Круглая, обитая черным железом печка стояла посреди флигеля и выходила на четыре стороны: половиной — в две комнаты Покрасовых, четвертушкой — к Шалимовым и еще четвертушкой — в дяди Борину каморку. Дверца находилась здесь, у нас с дядей Борей. Тяжелая, с выпуклым, узорным литьем. Чтобы открыть ее, нужно было открутить могучий винт и убрать чугунный засов. За тяжелой дверцей была еще одна — тонкая, с овальным отверстием — поддувалом.
Дрова в голландке разгорались стремительно. Печка начинала празднично гудеть, как топка на веселом пароходе (так мне казалось). Прижимаясь лицом к изогнутым прутьям кроватной спинки, я смотрел, как мечется в глазке поддувала желто-белое пламя. Тонкая дверца мелко дрожала. Не выдержав вибрации, круглый лепесток заслонки срывался и закрывал поддувало. Тогда дядя Боря слегка отодвигал дверцу. Гул огня переходил в мурлыканье, оранжевый свет вырывался из печки и плясал на цирковой афише, где фокусник Мартин Марчес выкидывал из рукавов цветные ленты. Ленты выписывали в воздухе две буквы М...
Мурлыканье печки убаюкивало, и я не сопротивлялся дреме. Спешить было некуда, я ночевал у дяди Бори. Но тут с шумом являлся Володя Шалимов — студент лесного техникума — со своими приятелями. Приносили заиндевевшую на морозе гитару.
Меня деликатно выпроваживали с кровати, на ней рассаживались гости. Вваливался Вовка Покрасов с охапкой дров: его семейство посылало свою долю для печки.
Мы с Вовкой устраивались у трехногого стола и лениво расставляли на картонной доске шашки. У потолка повисали слои табачного дыма. Начинала рокотать гитара.

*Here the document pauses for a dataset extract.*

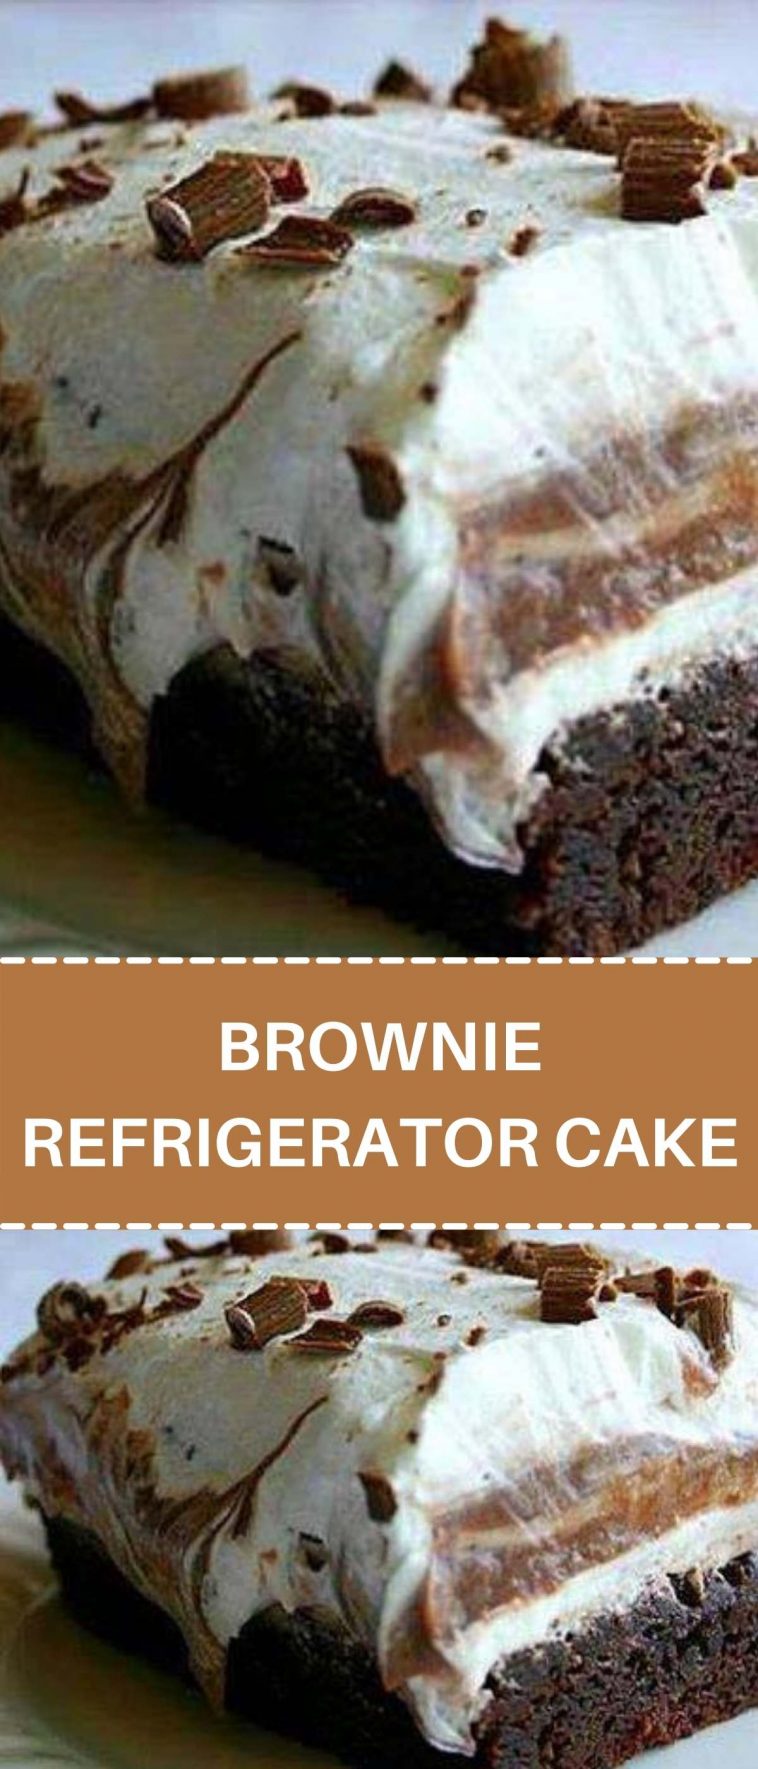 BROWNIE REFRIGERATOR CAKE

Или мне сейчас так помнится, или в самом деле все песни были о море и дальних краях...
“Прощайте, скалистые горы...”
“На рейде ночном легла тишина...”
“Ой вы, ночи, матросские ночи...”
“Плещут холодные волны...”
А потом разухабистая:
“В кейптаунском порту с какао на борту “Жанетта” набивала такелаж...”
Может быть, Володя глушил тоску по океанам: из-за сломанной и плохо сросшейся руки он не попал в морское училище-Гитара начинала рокотать тише и печальнее. Это наступало время песни о Диего Вальдесе, которого не пощадила судьба — сделала из вольного бродяги верховного адмирала. Потом на одних басовых струнах звучал тревожный киплинговский марш:
Осторожно, друг: бьют туземцев барабаны —
Они нас ищут на тропе войны...
Дядя Боря иногда подпевал, а чаще молча слушал да подбрасывал в печку дрова. (Вот и Лешка Шалимов, Володин брат-пятиклассник, принес полешки). Дядя Боря прикуривал, ухватив желтыми пальцами выпавший на железный лист уголек. Лицо его было неулыбчивым.
Он был в душе поэтом и путешественником, но жизнь получилась не такая. Надо было помогать матери и родственникам, пришлось работать поближе к дому на конторских должностях. Да к тому же не пойдешь в матросы с больным позвоночником. Но дядя Боря никогда не жаловался на судьбу и печальным бывал редко. Пожалуй, только во время песен. Наверно, они напоминали, что он до сих пор не видел моря...
Я ловлю себя на том, что далеко ушел от разговора о Севастополе. Но мне хочется вспомнить подробности тех дней, когда я впервые ощутил тоску по этому городу. Все это неразрывно: комнатка с одним окном, старые ходики, гитара, афиша на стене, хорошие люди, которые грустили о море. И книга, которую я стащил у Лешки Шалимова.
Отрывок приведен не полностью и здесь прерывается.